Arap ülkeleri, özellikle BAE, Bahreyn ve Umman Trump’ın Yüzyılın Anlaşması dediği planın açıklandığı toplantıya katılarak plana destek verdiklerini açıkça deklare ettiler. Bu kervana yakında S. Arabistan’ın da katılacağından hiç şüphe yok. Zaten Trump muhtemelen planı bu ülkelerle birlikte hazırladı. Türkiye tepki gösterdi, ama fiilen uzun süredir Türkiye de Filistin için her hangi bir adım atmıyor. Filistinliler uzun süredir dünyada sahipsizdiler, bu durum devam edecek gibi görünüyor.

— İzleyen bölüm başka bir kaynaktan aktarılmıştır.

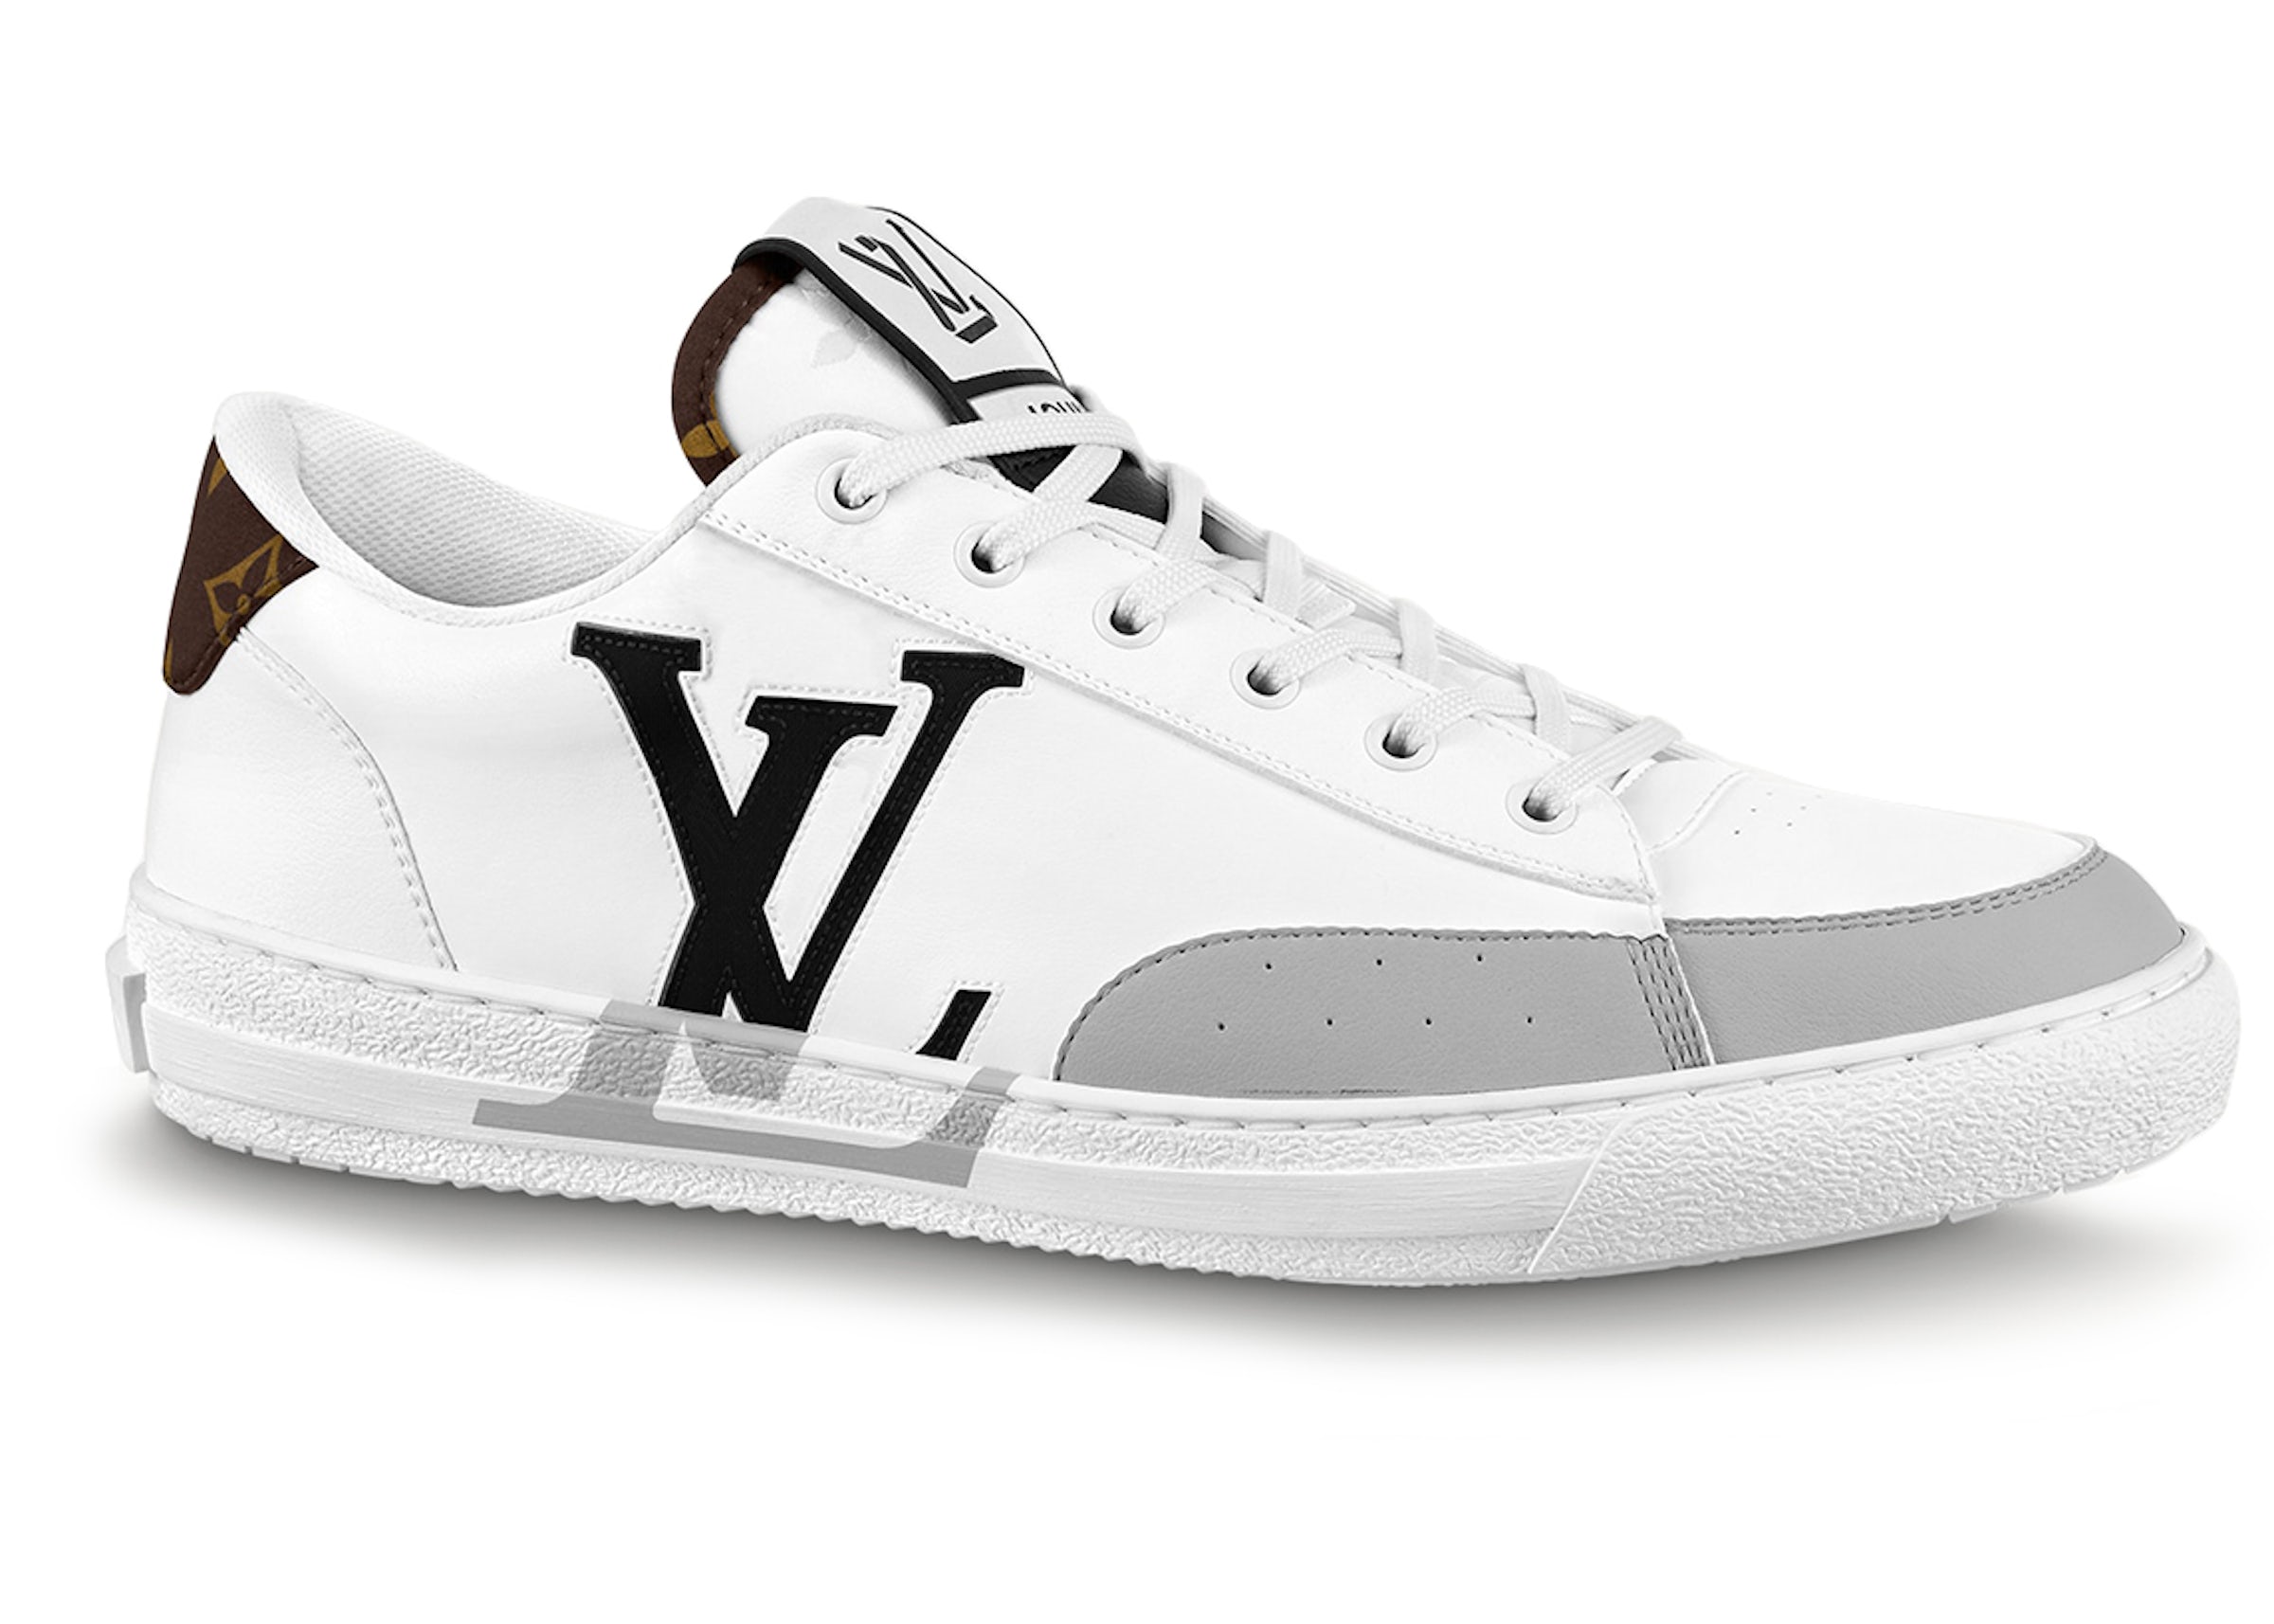 Women's Louis Vuitton Sneakers from $905

Abbas’ın planı kabul etmesi imkânsız, yoksa koltuğundan olur. Dolayısıyla Filistinlilerin kabul etmediği bu plan, Filistinliler için yeni bir sorun kaynağı olacak. Kendilerine yönelik tehdit ve şantajlar artacak. Bizler Filistinlilerin, Yahudilerle birlikte eşit vatandaş olacakları, tek bir Filistin Devleti’nin kurulması gerektiğini söylemeye devam etmeliyiz.